The Securities and Exchange Commission staff on July 15 issued an interpretive letter to clarify that Rule 206(4)-3, the cash referral fee rule under the Investment Advisers Act of 1940 (Advisers Act) does not apply to payments to compensate a person for soliciting investors to invest in an “investment pool” managed by the adviser. An investment pool is an investment company under the Investment Company Act of 1940, or a company that would be an investment company but for an exclusion under Section 3(c). Rule 206(4)-3 makes it unlawful for any registered investment adviser (or adviser required to be registered) to pay a cash fee, directly or indirectly, to a solicitor with respect to solicitation activities unless the payments are made in compliance with conditions set forth in the Rule.
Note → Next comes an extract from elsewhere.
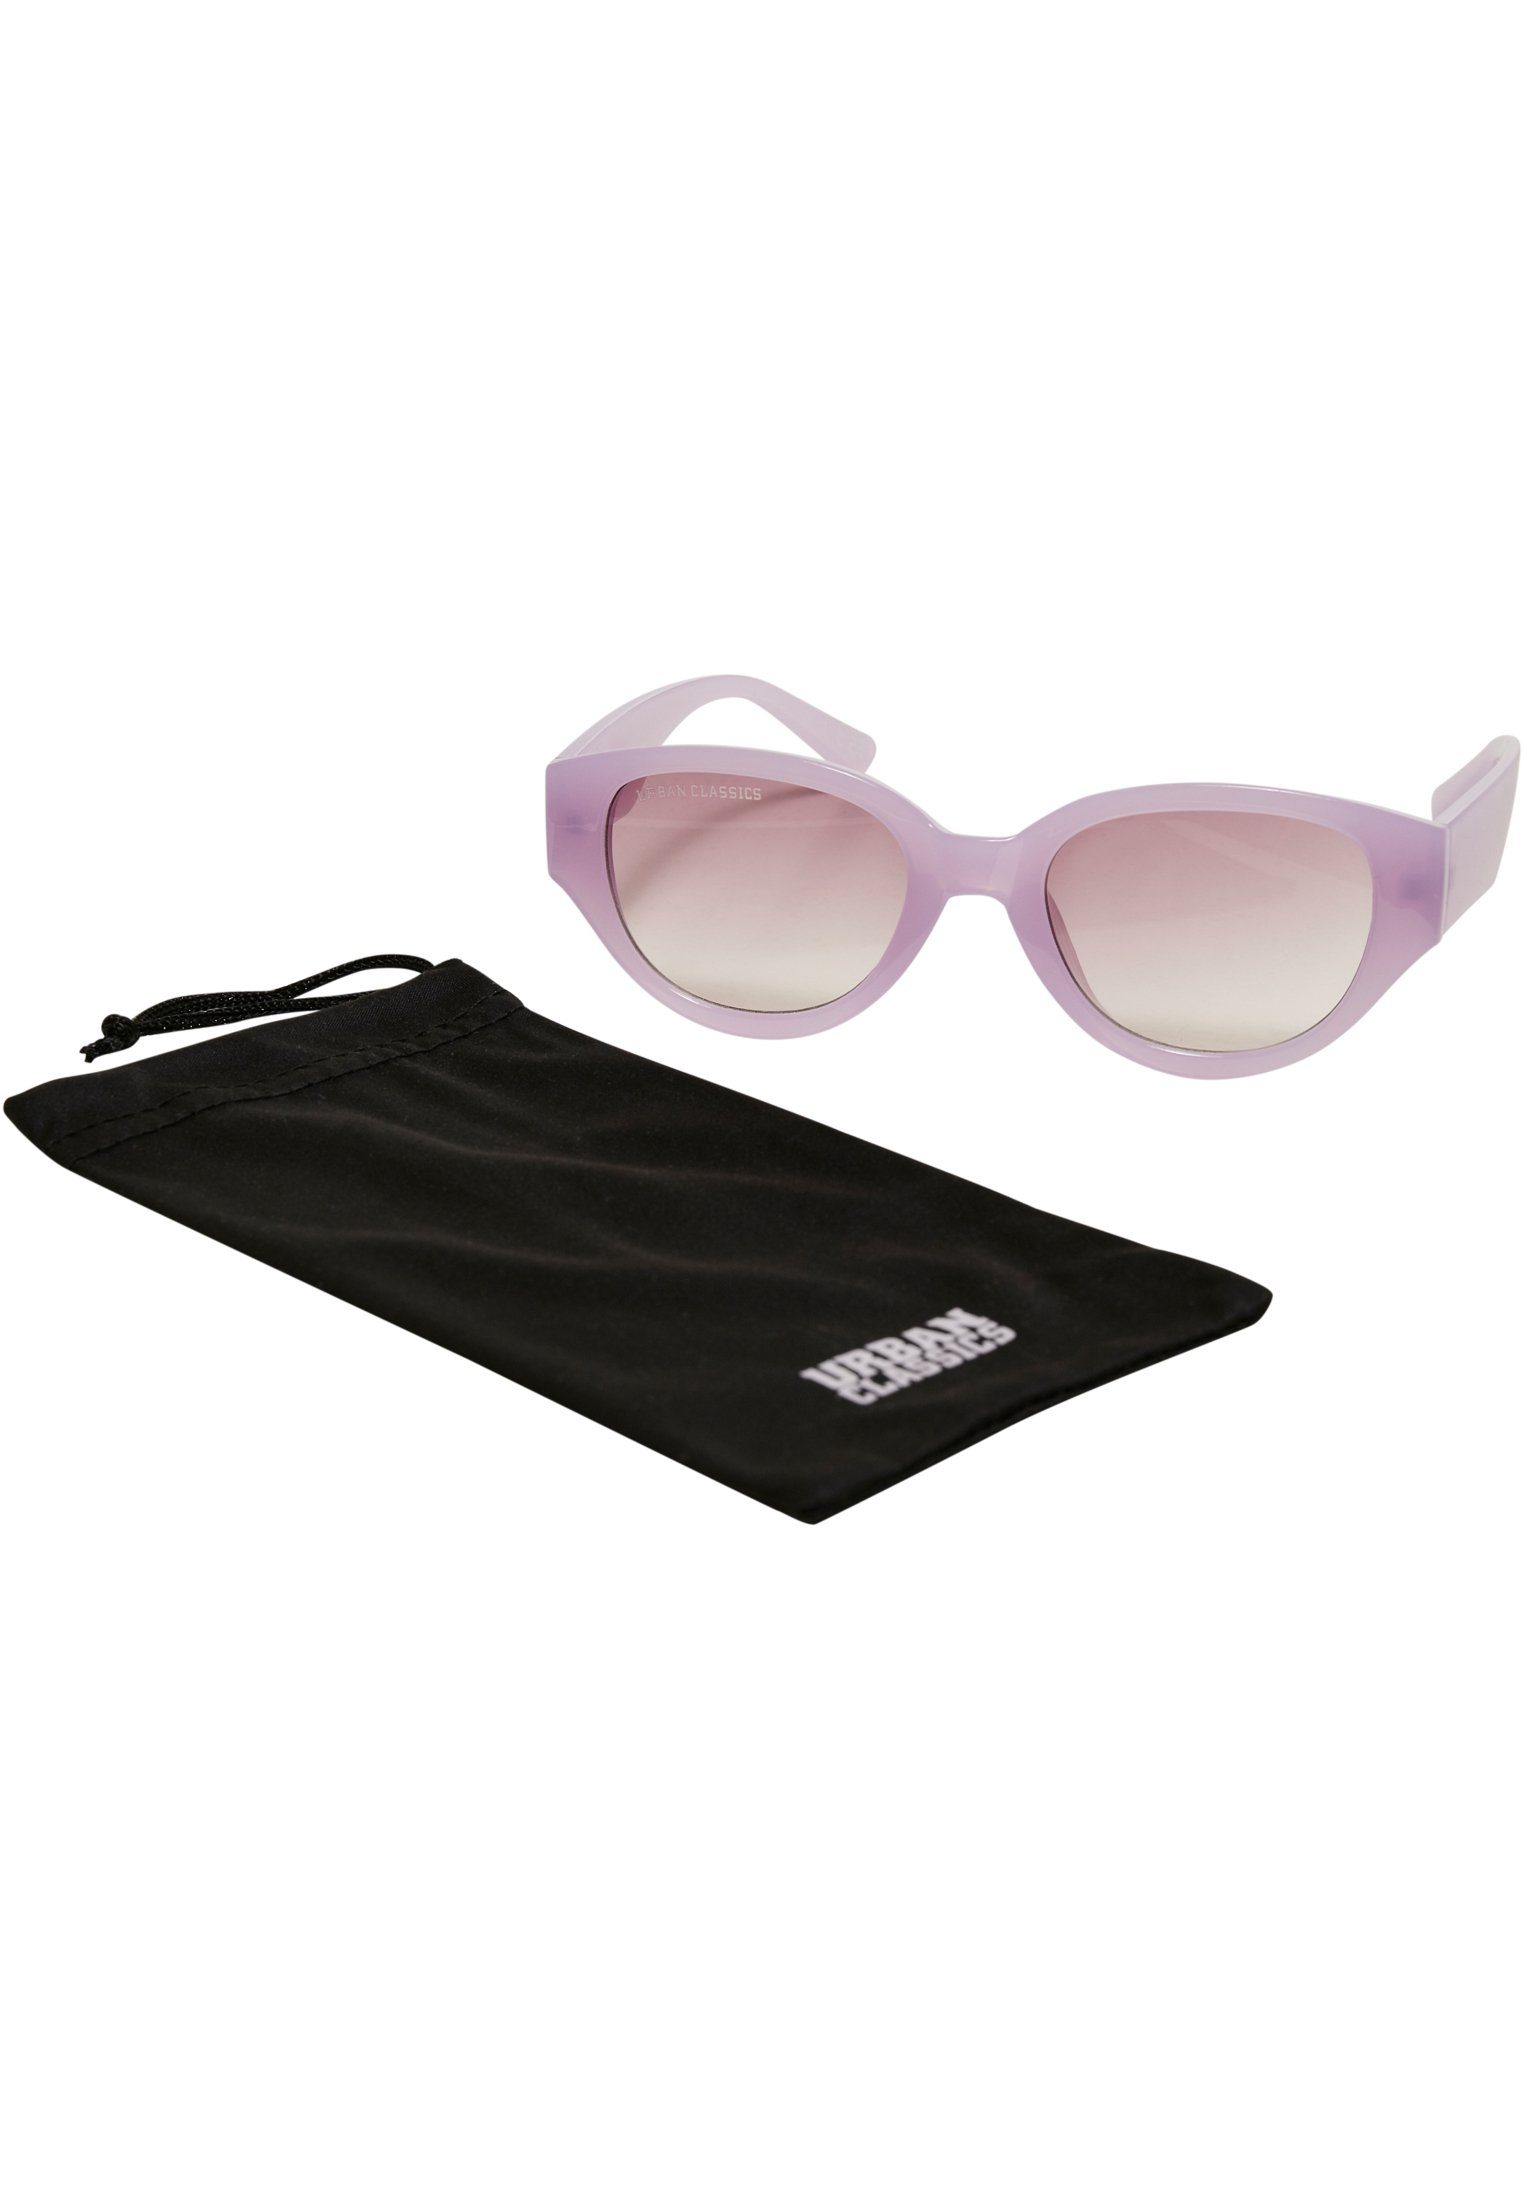 URBAN CLASSICS Sonnenbrille Unisex Sunglasses Santa Cruz softlilac
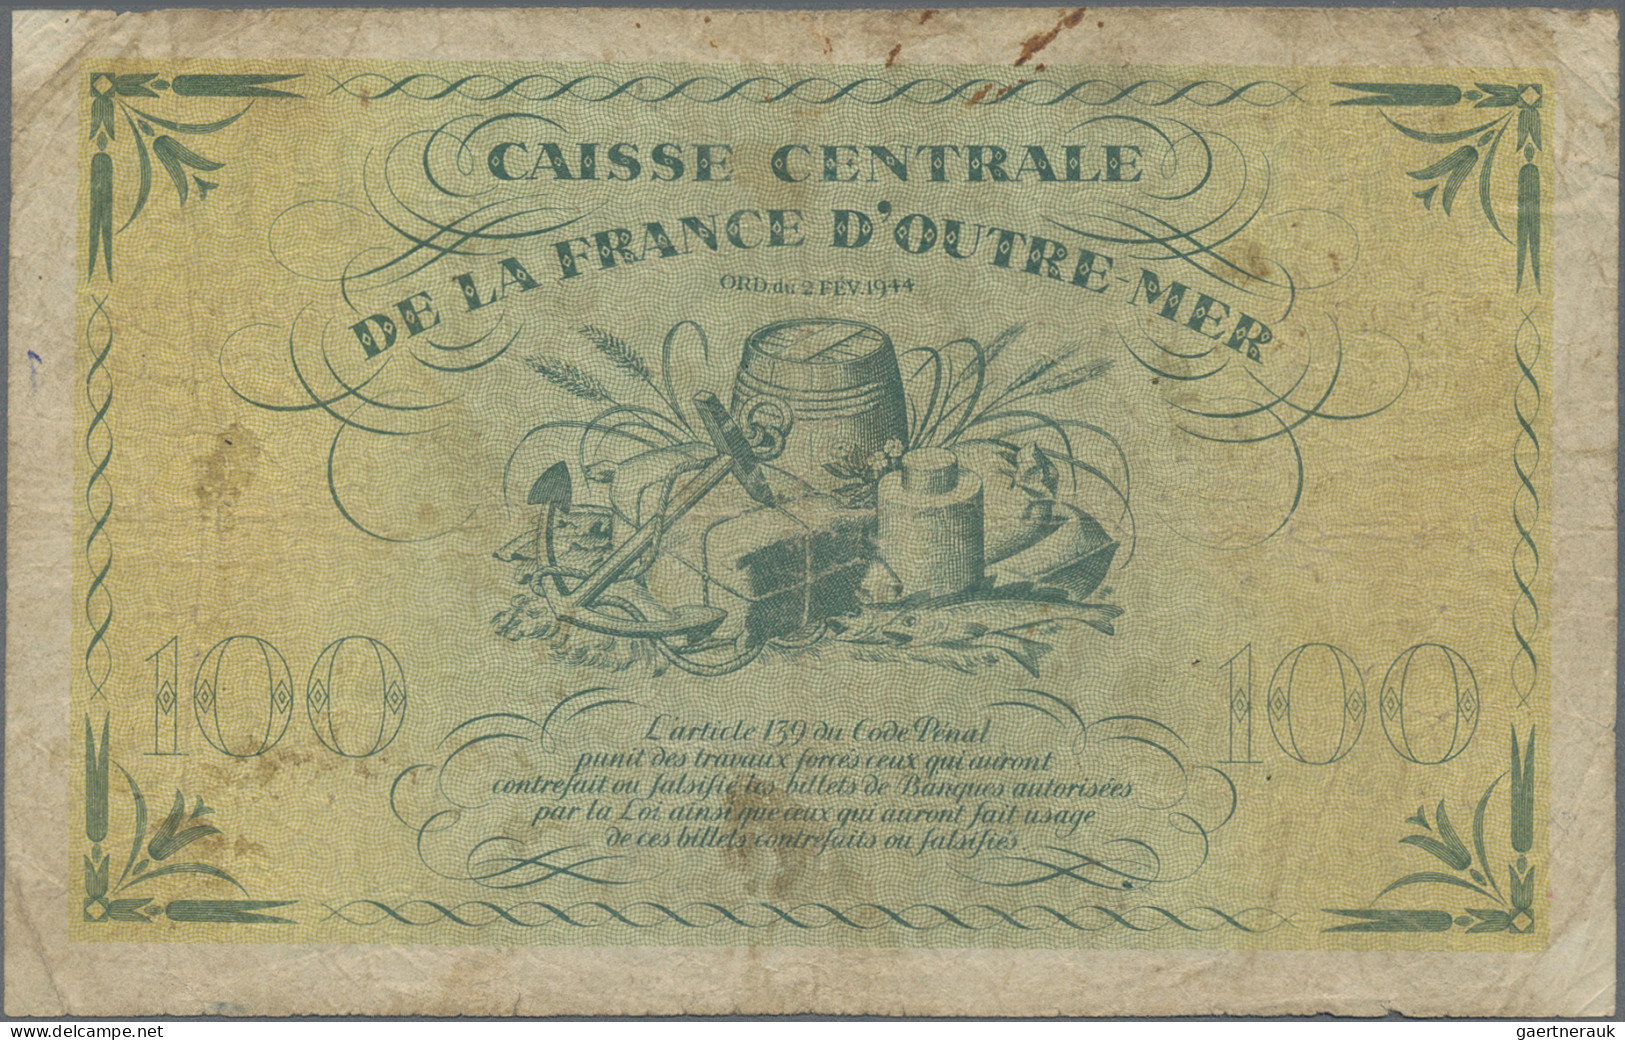 French Guiana: Banque De La Guyane And Caisse Centrale De La France D'Outre-Mer - French Guiana

The staff’s interpretation is based, in part, on the decision in Goldstein v. SEC in which the Court stated that for purposes of Section 206 of the Advisers Act, investors in a pooled investment vehicle are not “clients” of the investment adviser of the pool. The SEC reasoned that the references to “client” in Rule 206(4)-3 (found in the definition of “solicitor”) should not be interpreted to include investors in investment pools.
The SEC has made clear that even if Rule 206(4)-3 does not apply, the solicitor may be required by Section 206 of the Advisers Act to disclose to the investor material facts relating to conflicts of interest. In addition, the SEC did not address whether such activity would result in the solicitor being deemed a “broker” under Section 3(a)(4) of the Securities Exchange Act of 1934.